**Requirement:** Although the listing contains pictures, reproduce only its text, exactly as written.
::: Given records :::
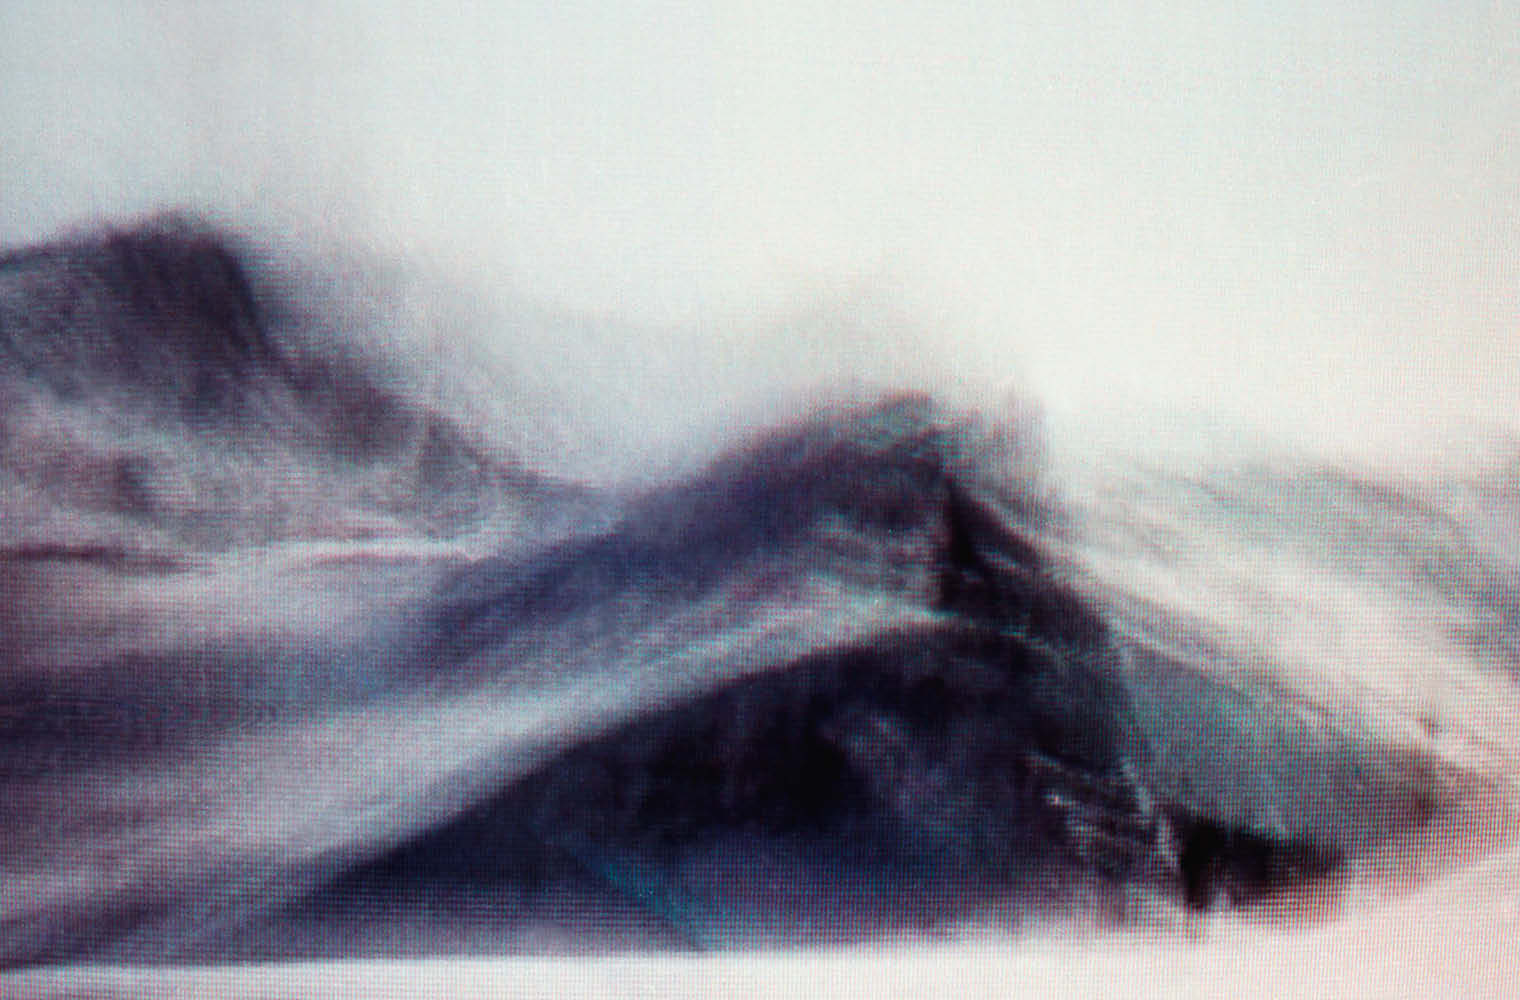 Ein Bild im Videostil zeigt eine Sand- oder Schneedüne, die über einen Gipfel fegt. Der Himmel ist weiß.
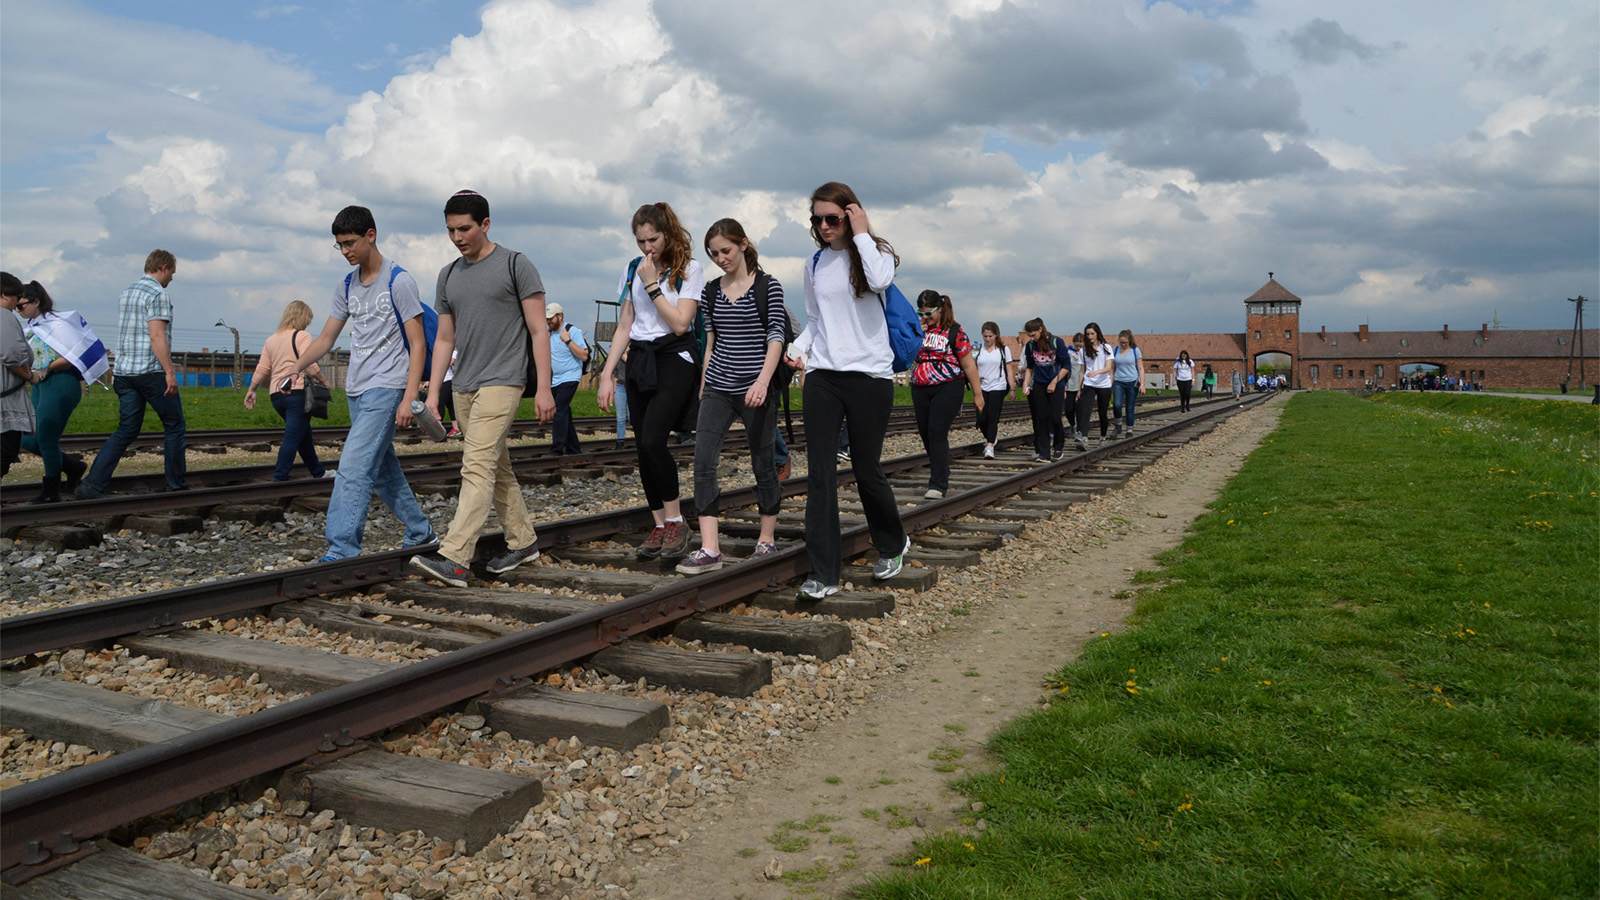 בני נוער במסע לפולין, במחנה ההשמדה אושוויץ- בירקנאו. למצולמים אין קשר לכתבה. (צילום: יוסי צליגר/ פלאש 90).
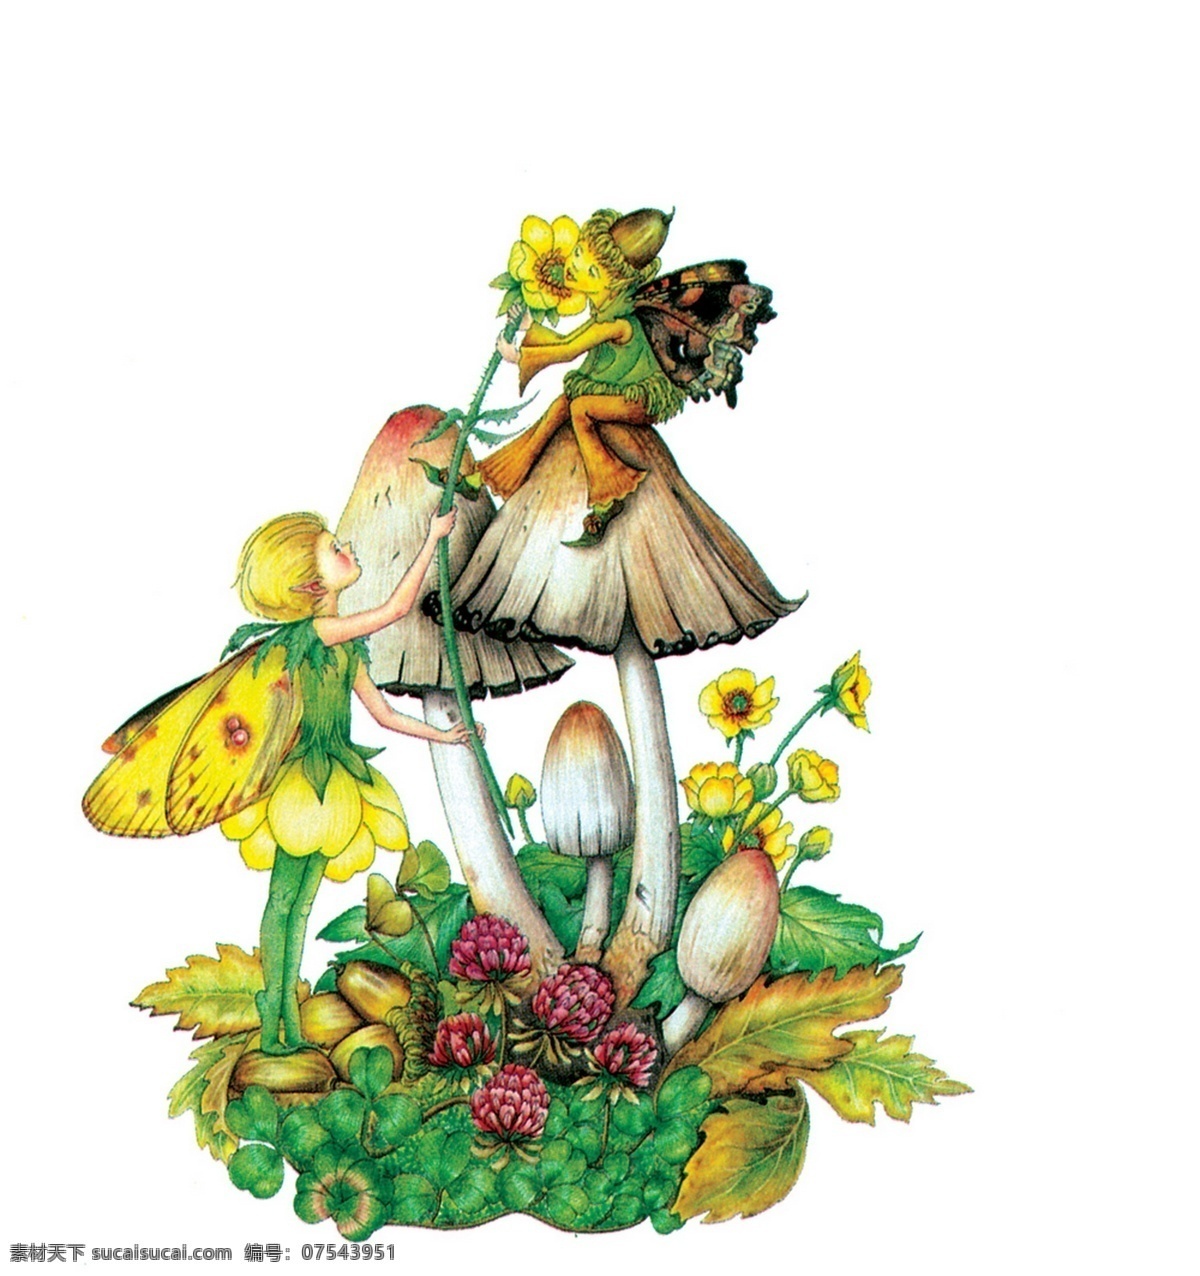 插画 插图 翅膀 动漫 动漫动画 动漫人物 花 精灵 仙子与蘑菇 仙子 蘑菇 欧洲 神话 童话 童话艺术图典 插画集
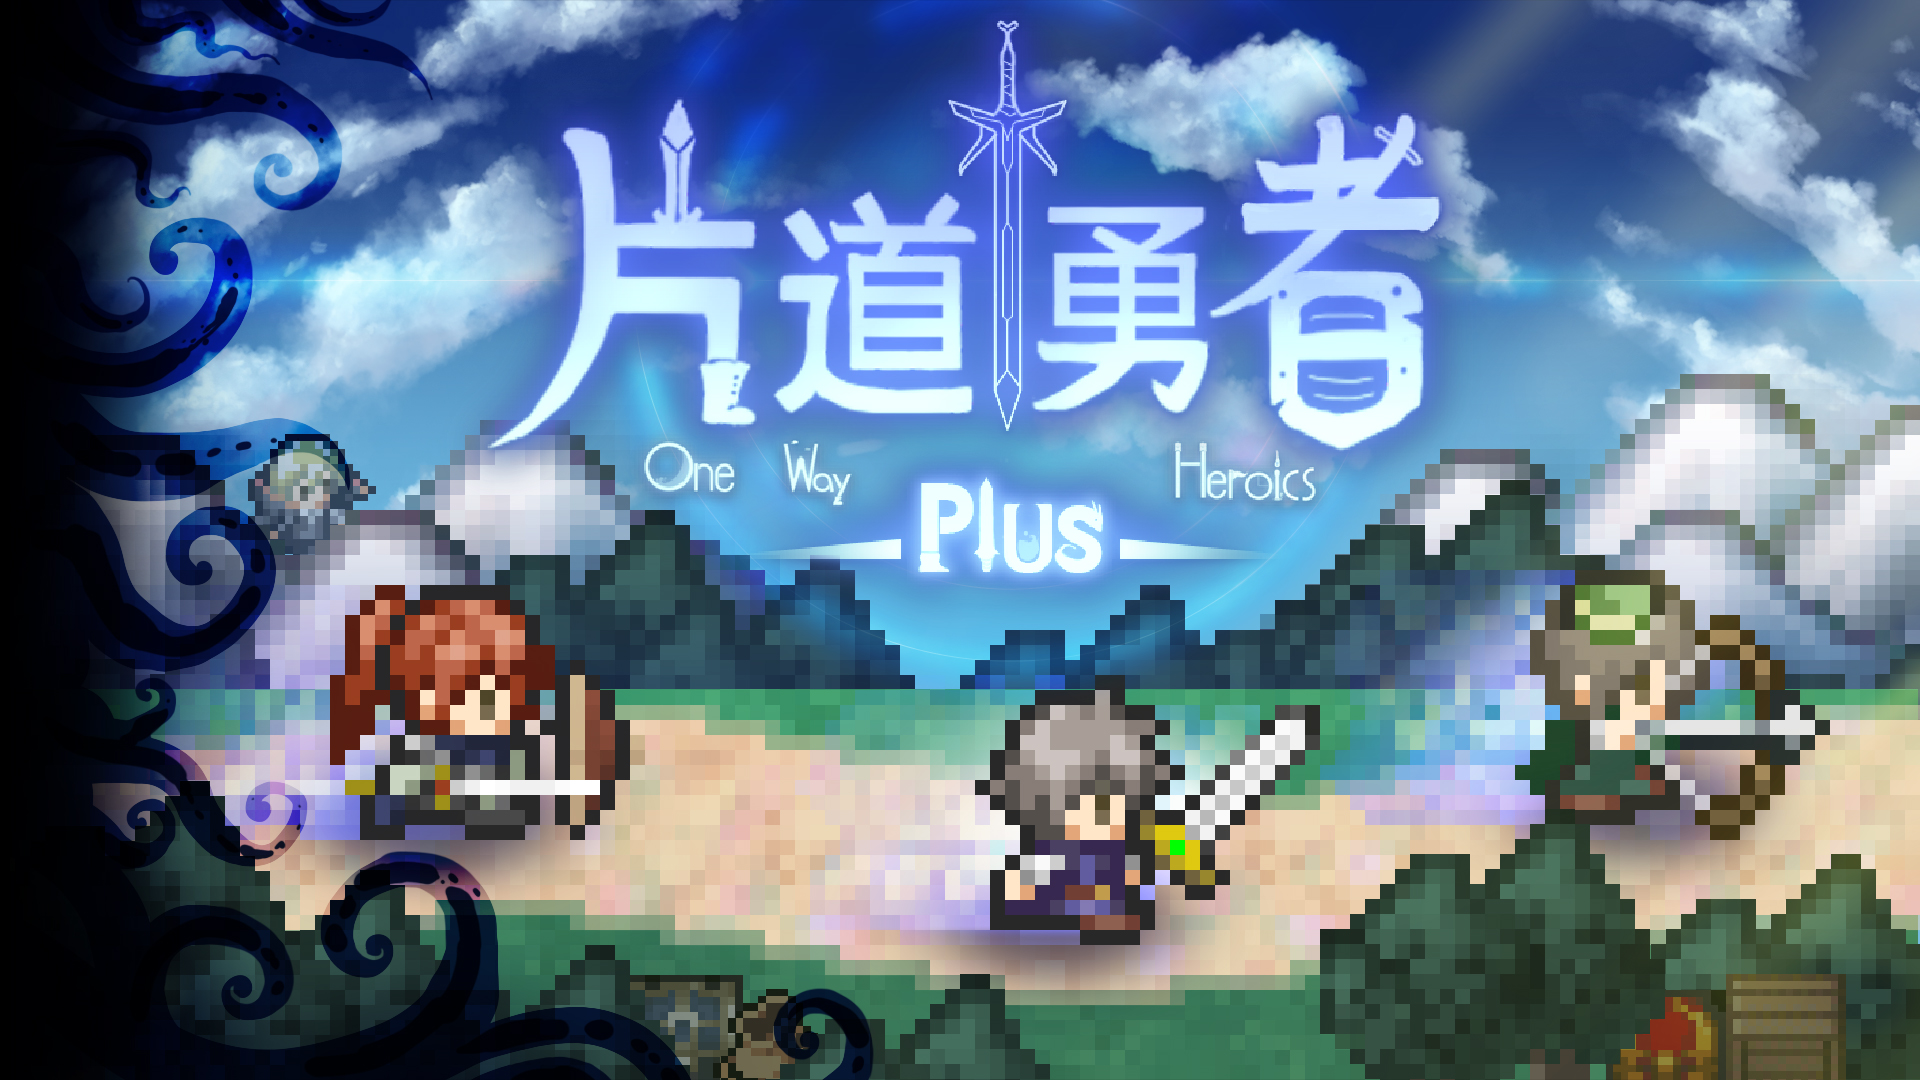 经典RPG《片道勇者Plus》与动作RPG《箱庭探者Plus》任天堂eShop登场!
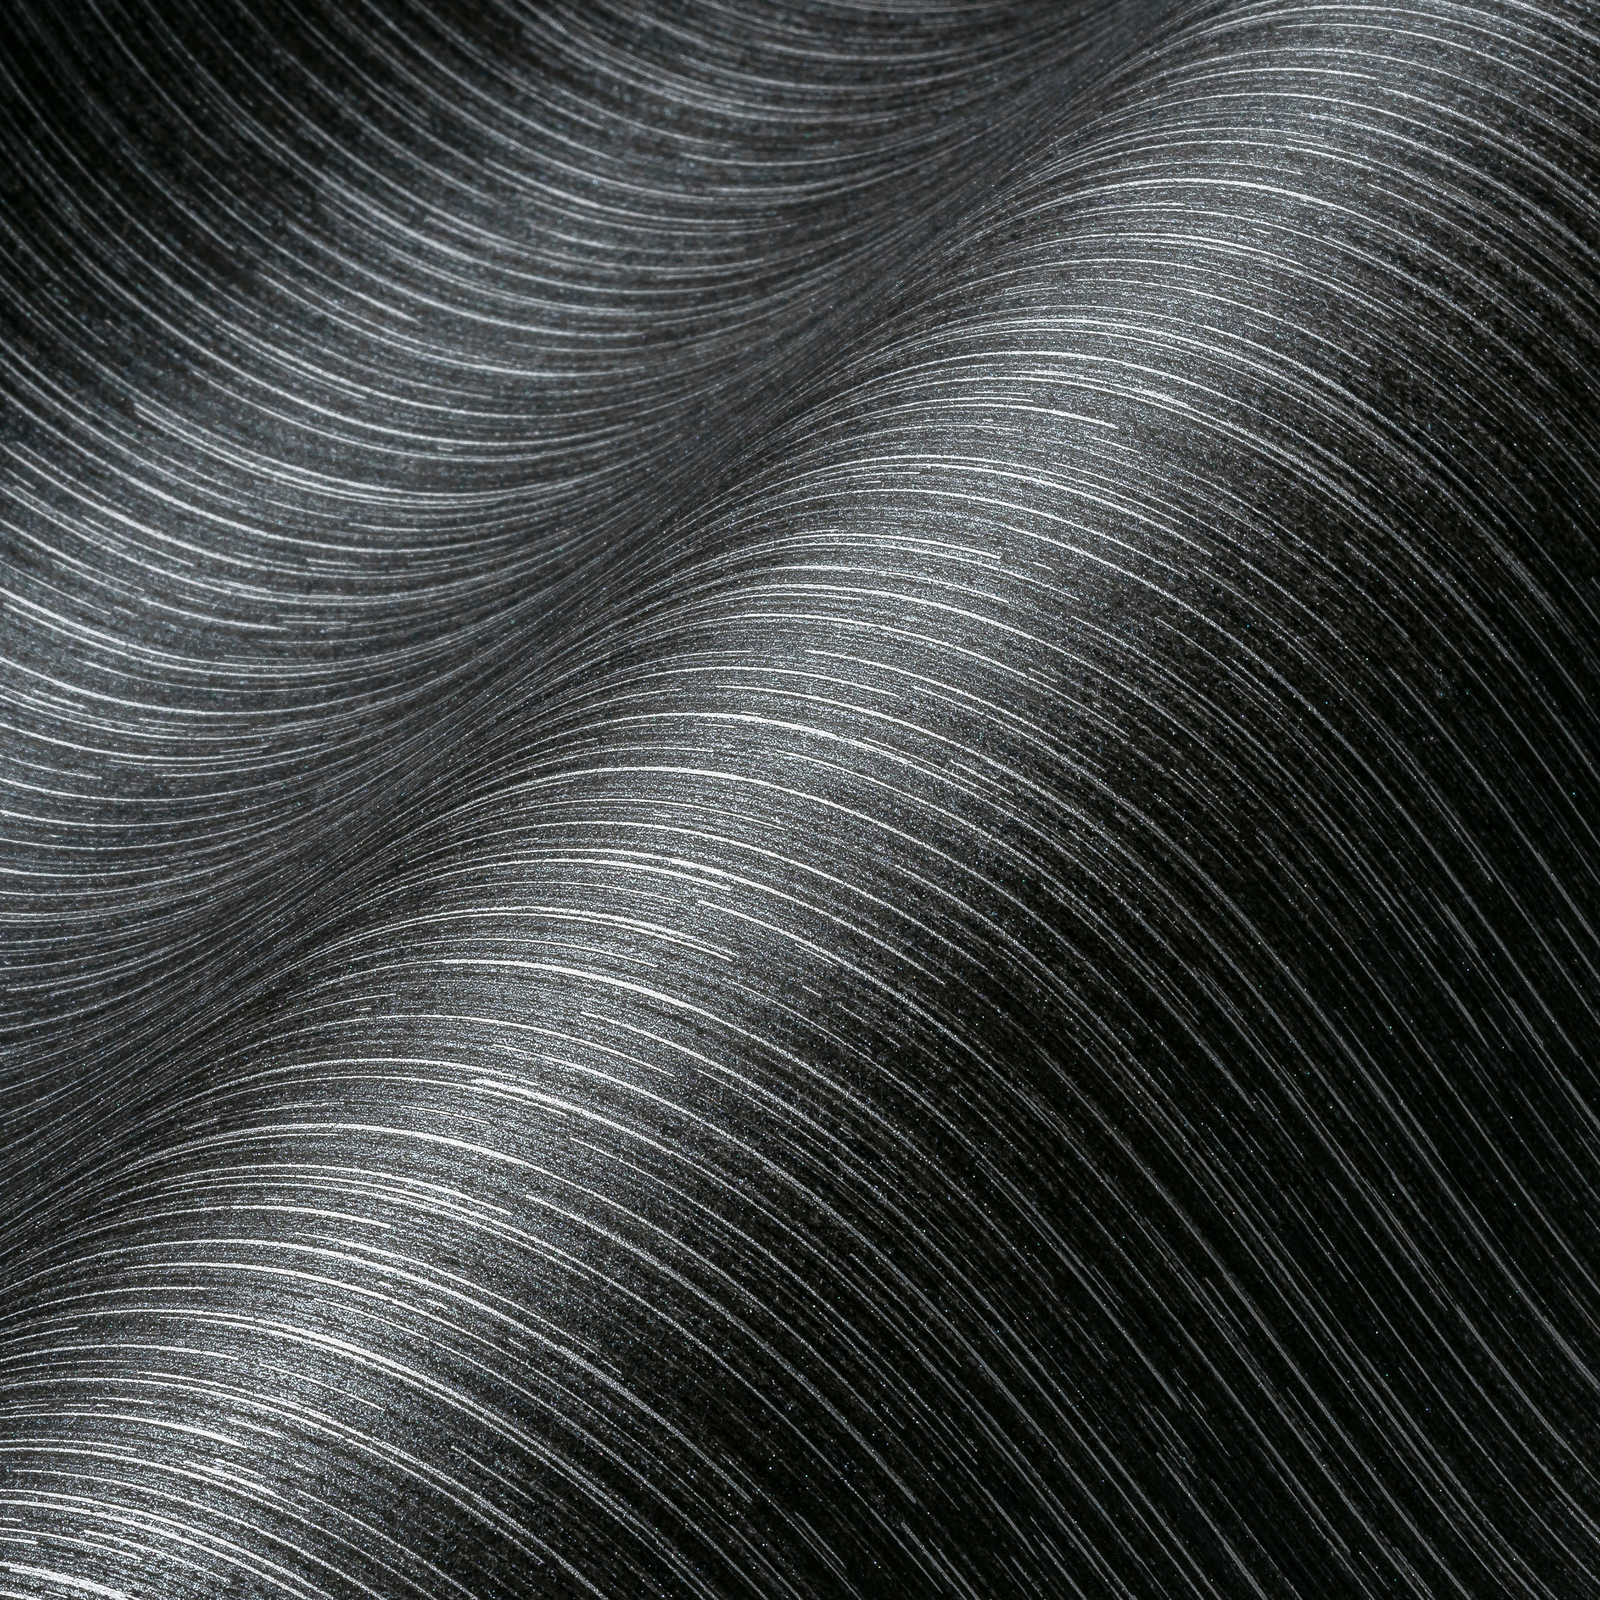             Antraciet behang met zilveren accenten & lijnenspel - zwart, metallic
:::
**Solution for this exercise:**
 Ein Bild im Videostil zeigt eine Sand- oder Schneedüne, die über einen Gipfel fegt. Der Himmel ist weiß.
 בני נוער במסע לפולין, במחנה ההשמדה אושוויץ- בירקנאו. למצולמים אין קשר לכתבה. (צילום: יוסי צליגר/ פלאש 90).
 插画 插图 翅膀 动漫 动漫动画 动漫人物 花 精灵 仙子与蘑菇 仙子 蘑菇 欧洲 神话 童话 童话艺术图典 插画集
 经典RPG《片道勇者Plus》与动作RPG《箱庭探者Plus》任天堂eShop登场!
             Antraciet behang met zilveren accenten & lijnenspel - zwart, metallic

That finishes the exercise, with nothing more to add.